NEW YORK (TheStreet) -- Home Depot (HD) reported 2016 third quarter financial results that beat expectations on both the top and bottom line. The Atlanta-based home improvement retailer posted earnings of $1.61 per share on revenue of $23.15 billion. Wall Street had projected earnings of $1.58 per share on revenue of $23.04 billion.

"Another very solid report from Home Depot," Oppenheimer managing director Brian Nagel said on CNBC's "Squawk Box" this morning.

The results from Home Depot indicated that the home improvement market is not struggling, as some may have previously suggested.

"Just a few weeks ago there were some weaker supply reports out there, which really caused the market to worry if the home improvement market was cracking. With these results, today, the answer is clearly no," Nagel stated.

He then commented on how investors should play this stock given the results of last week's Presidential election.

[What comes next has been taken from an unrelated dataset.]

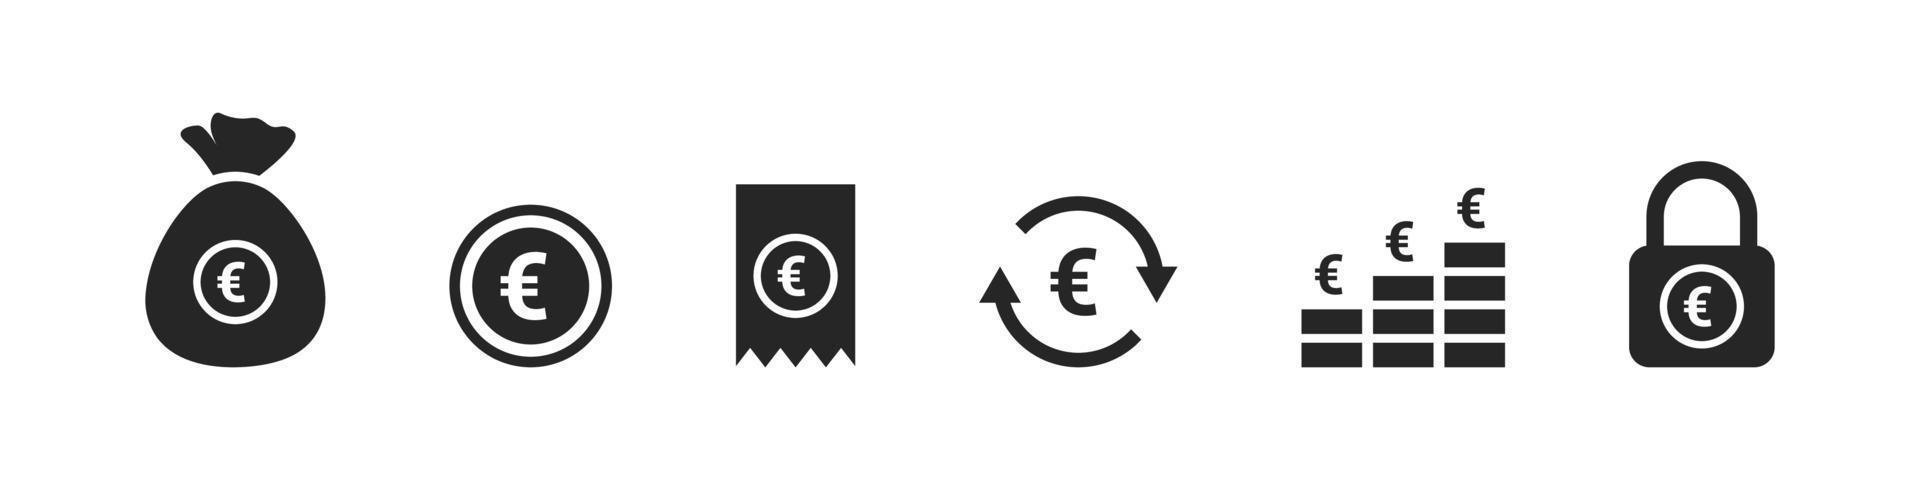 moneta icone. Euro icone. i soldi segni. finanziario vettore icone. vettore illustrazione

"If tax rates go lower that's a positive, it's going to put more money in the pocket of the consumer," Nagel noted.

Regarding his view on where the stock trades from here, Nagel currently has a $140 price target.

"I think it's a 20-multiple type stock. That really hasn't changed much in the last couple of weeks," Nagel said.

Shares of Home Depot opened lower on Tuesday. 

Separately, TheStreet Ratings Team has a "Buy" rating with a score of A on Home Depot stock.

The company's strengths can be seen in multiple areas, such as its growth in earnings per share, revenue growth, notable return on equity, good cash flow from operations and increase in net income.